Hierarchical Concept-based Interpretable Models

ICLR 2026 Conference SubmissionAnonymous Authors

OpenReview Score: 6.0 Download Report PDF

Explainable Artificial IntelligenceConcept-based ExplainabilityConcept DiscoveryConcept HierarchyConcept Bottleneck ModelsConcept Embedding ModelsClusteringSparse Autoencoders

Modern deep neural networks remain challenging to interpret due to the opacity of their latent representations, impeding model understanding, debugging, and debiasing. Concept Embedding Models (CEMs) address this by mapping inputs to human-interpretable concept representations from which tasks can be predicted. Yet, CEMs fail to represent inter-concept relationships and require concept annotations at different granularities during training, limiting their applicability. In this paper, we introduce Hierarchical Concept Embedding Models (HiCEMs), a new family of CEMs that explicitly model concept relationships through hierarchical structures. To enable HiCEMs in real-world settings, we propose Concept Splitting, a method for automatically discovering finer-grained sub-concepts from a pretrained CEM’s embedding space without requiring additional annotations. This allows HiCEMs to generate fine-grained explanations from limited concept labels, reducing annotation burdens. Our evaluation across multiple datasets, including a user study and experiments on PseudoKitchens, a newly proposed concept-based dataset of 3D kitchen renders, demonstrates that (1) Concept Splitting discovers human-interpretable sub-concepts absent during training that can be used to train highly accurate HiCEMs, and (2) HiCEMs enable powerful test-time concept interventions at different granularities, leading to improved task accuracy.

Abstract:

Disclaimer

This report is AI-GENERATED using Large Language Models and WisPaper (A scholar search engine). It analyzes academic papers' tasks and contributions against retrieved prior work. While this system identifies POTENTIAL overlaps and novel directions, ITS COVERAGE IS NOT EXHAUSTIVE AND JUDGMENTS ARE APPROXIMATE. These results are intended to assist human reviewers and SHOULD NOT be relied upon as a definitive verdict on novelty.

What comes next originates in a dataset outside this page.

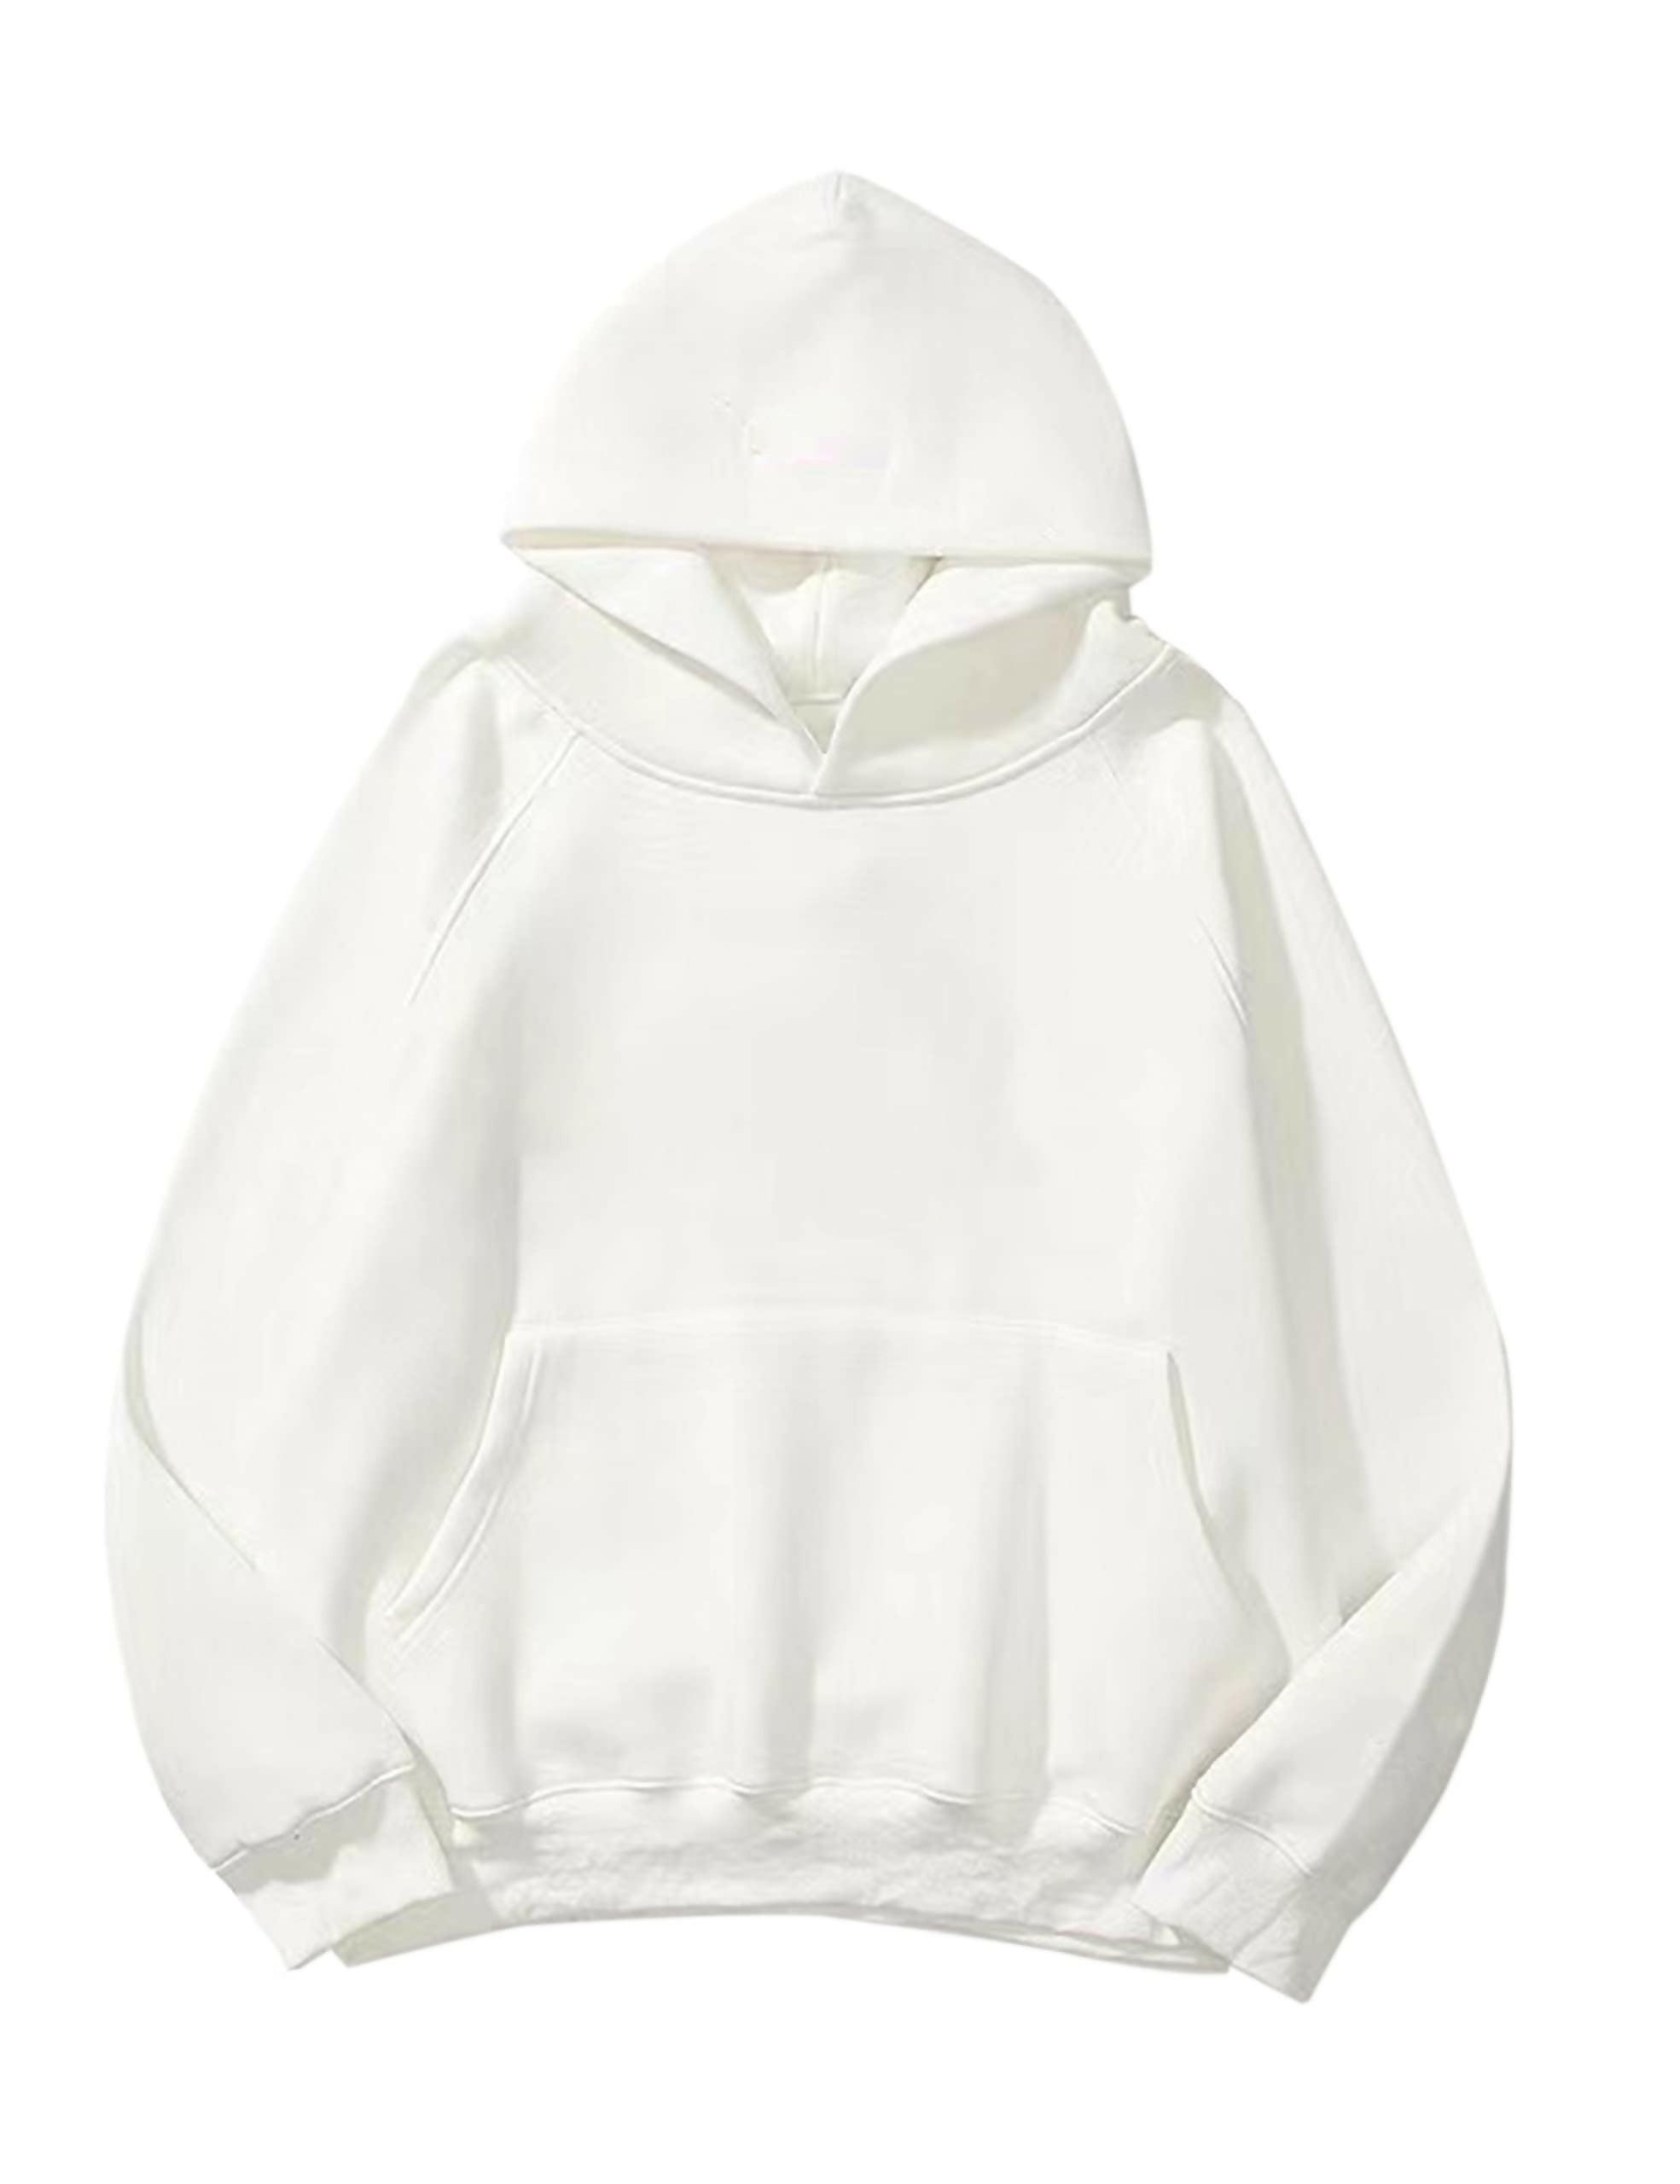 Khanani's Grey Plain Basic Pullover Hoodie for Winter - Fleece Hooded Hoodies for Men and Women - ValueBox

NOTE that some papers exist in multiple, slightly different versions (e.g., with different titles or URLs). The system may retrieve several versions of the same underlying work. The current automated pipeline does not reliably align or distinguish these cases, so human reviewers will need to disambiguate them manually.

If you have any questions, please contact: mingzhang23@m.fudan.edu.cn

Overview

Overall Novelty Assessment

The paper introduces Hierarchical Concept Embedding Models (HiCEMs) and a Concept Splitting method to automatically discover fine-grained sub-concepts from pretrained concept embeddings. It resides in the 'Concept Bottleneck Models and Extensions' leaf, which contains six papers including the original work. This leaf sits within the broader 'Concept-Based Interpretability Architectures' branch, indicating a moderately populated research direction focused on architectures that explicitly incorporate human-interpretable concepts as intermediate representations during model design.

The taxonomy reveals neighboring leaves addressing related but distinct approaches: 'Part-Whole Hierarchical Architectures' explores parsing inputs into dynamic part-whole structures, while 'Semantic Tree and Taxonomy-Driven Architectures' embeds predefined hierarchical taxonomies into network structure. The sibling papers in the same leaf include works on hierarchical concept bottlenecks and tabular concept bottleneck models, suggesting active exploration of structured concept representations. The paper's focus on learning hierarchical relationships from limited annotations distinguishes it from methods requiring extensive predefined taxonomies or post-hoc concept extraction.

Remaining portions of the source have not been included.